All grey thoroughbred horses are supposedly descended from the Alcock Arabian, an Arabian stallion of indefinite origin, but probably imported, via Constantinople, by Sir Robert Sutton, English Ambassador to the Porte, in the early eighteenth century. Certainly, grey horses are a rarity, representing about 3% of the thoroughbred population in Britain.
Grey colouring is determined by a dominant gene which, if inherited from a parent, is expressed, over other colour genes, in coat colour. In other words, all grey thoroughbred horses have at least one grey parent. Grey horses are usually born black, brown or chestnut, but gradually grow lighter in colour, to become dappled, grey or white.

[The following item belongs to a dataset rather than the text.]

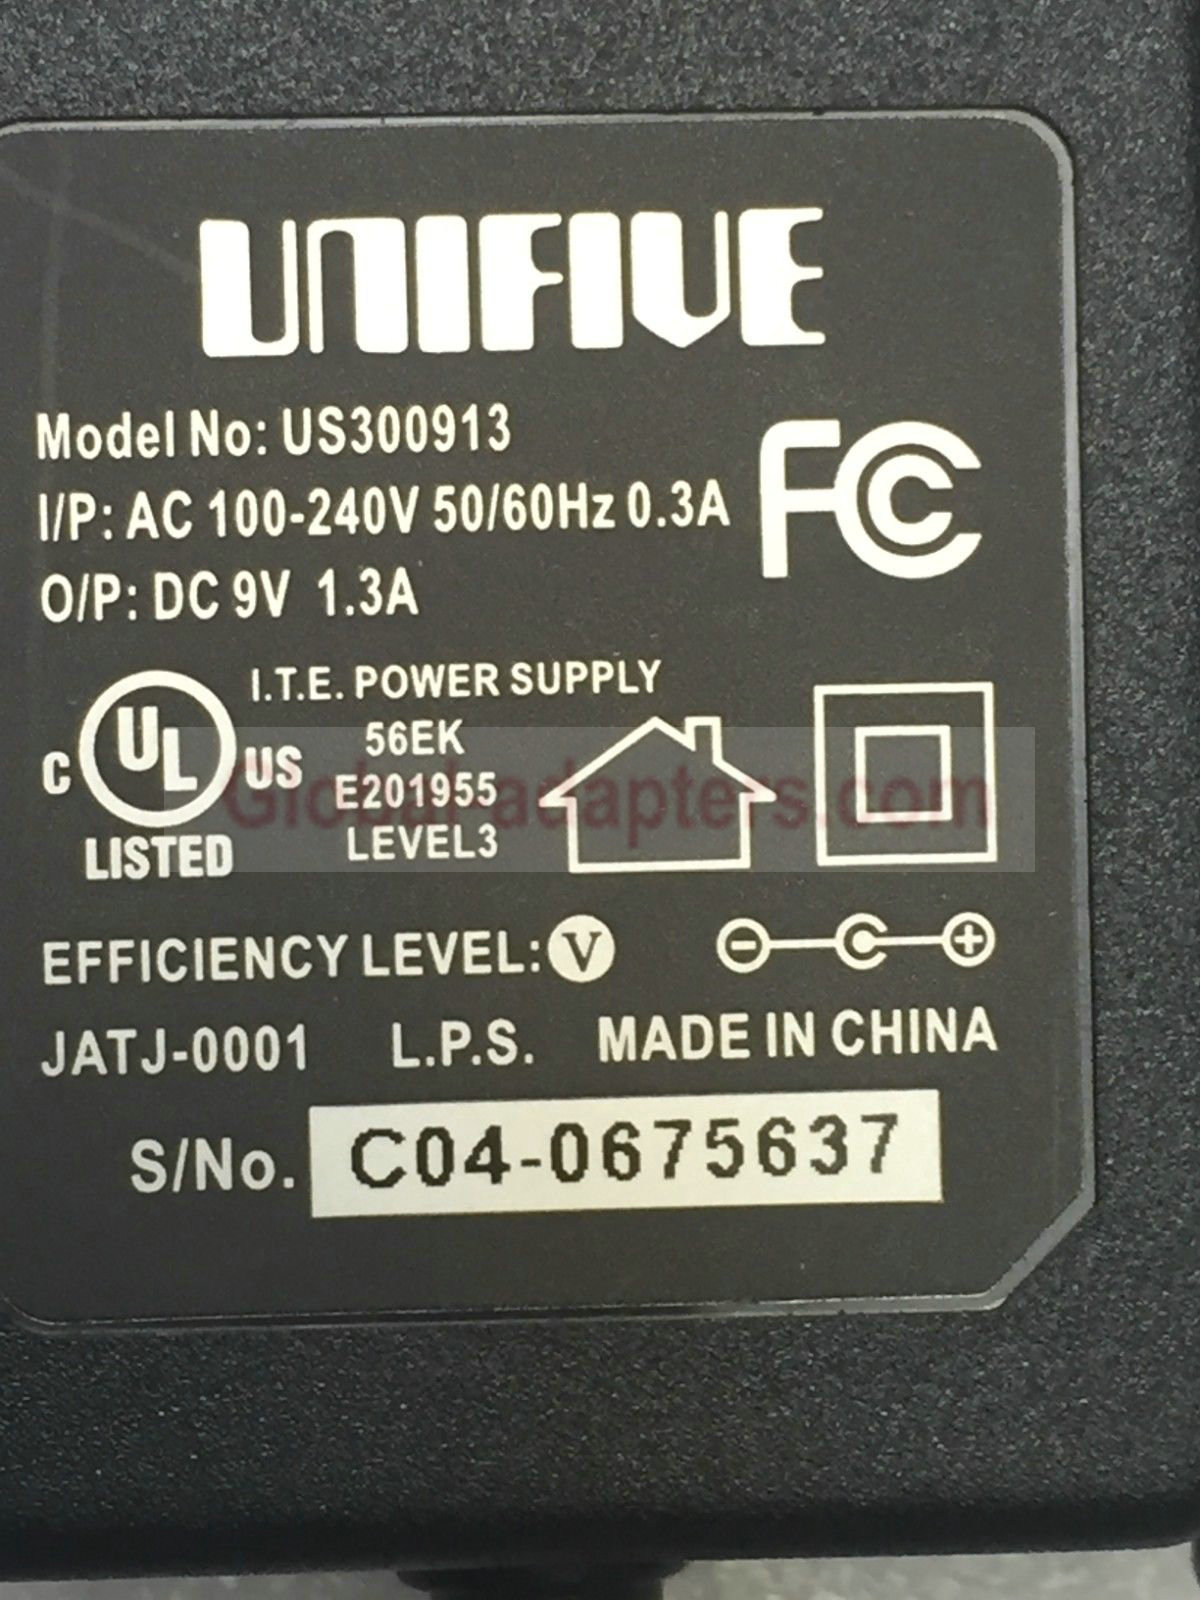 NEW 9V 1.3A ac adaptor for Unifive US300913 power supply - Click Image to Close

In later life, most grey horses develop dark-pigmented tumours, called melanoma, on their skin, but these are mostly benign and require little or no treatment. However, influential Italian breeder Fedrico Tesio insisted that grey horses were ‘diseased’, leading to them falling out of favour. Nevertheless, it’s the scarcity of grey horses, coupled with the fact that they’re easy to spot, which has led to their enduring appeal in horse racing circles.
As far as the Grand National is concerned, in 179 years since the inaugural running of the Grand Liverpool Steeplechase, as the race was originally known, just three grey horses have won. One crackpot theory suggests that grey horses have fared poorly at Aintree because they’re more susceptible to the vagaries of the Merseyside weather in early April than horses of other colours. Anyone who subscribes to that theory, though, would do well to remember that Desert Orchid – possibly the most popular grey in the history of British horse racing – enjoyed his finest hour, in the Cheltenham Gold Cup, on a foul, rainy day when racing only went ahead after a midday inspection.
Of course, Desert Orchid never ran in the Grand National – although he did win the Irish equivalent at Fairyhouse the year after his Gold Cup triumph – but the roll of honour at Aintree does include The Lamb (1868 and 1871), Nicolaus Silver (1961) and Neptune Collonges (2012).
Owned by William Henry, sixth Earl Poulett, The Lamb stood less than 15½ hands high – about the same height as the 2018 Grand National winner, Tiger Roll, who was affectionately described by his owner, Michael O’Leary, as ‘a little rat of a thing’ – and was apparently so named because of his diminutive size and placid nature. He had the distinction of winning his first National as a 6-year-old, under amateur jockey George Ede, in 1868 and, having subsequently contracted an illness that kept him off the course for two years, won his second as a 9-year-old, under another amateur jockey, Tommy Pickernell, in 1871. Mysteriously, some paintings and sketches depict The Lamb not as a grey, but as a black horse.
The second grey to win the Grand National, Nicolaus Silver in 1961, was unmistakably grey, in fact, almost white, with a hint of dapple on his quarters and legs. He was bought, for £2,600, by Kinnersley trainer Fred Rimmell, on behalf of owner Charles Vaughan, following the sudden death of his previous trainer in 1960. The following spring, Nicolaus Silver lined up at Aintree as an unheralded 28/1 chance but, relishing the firm ground, drew clear in the closing stages to beat the previous year’s winner, Merryman II, by 5 lengths.
The third and, so far, final grey to win the Grand National was Neptune Collonges, trained by Paul Nicholls and ridden by Daryl Jacob, in 2012. Classy enough to complete a Nicholls’ 1-2-3, behind Denman and Kauto Star, in the Cheltenham Gold Cup in his younger days, Neptune Collonges was, by now, a doughty 11-year-old, whose coat had grown even lighter with age. Nevertheless, he became the first horse since Red Rum to carry 11st 6lb or more to victory in the National and his winning margin, a nose, was the narrowest in the history of the celebrated steeplechase.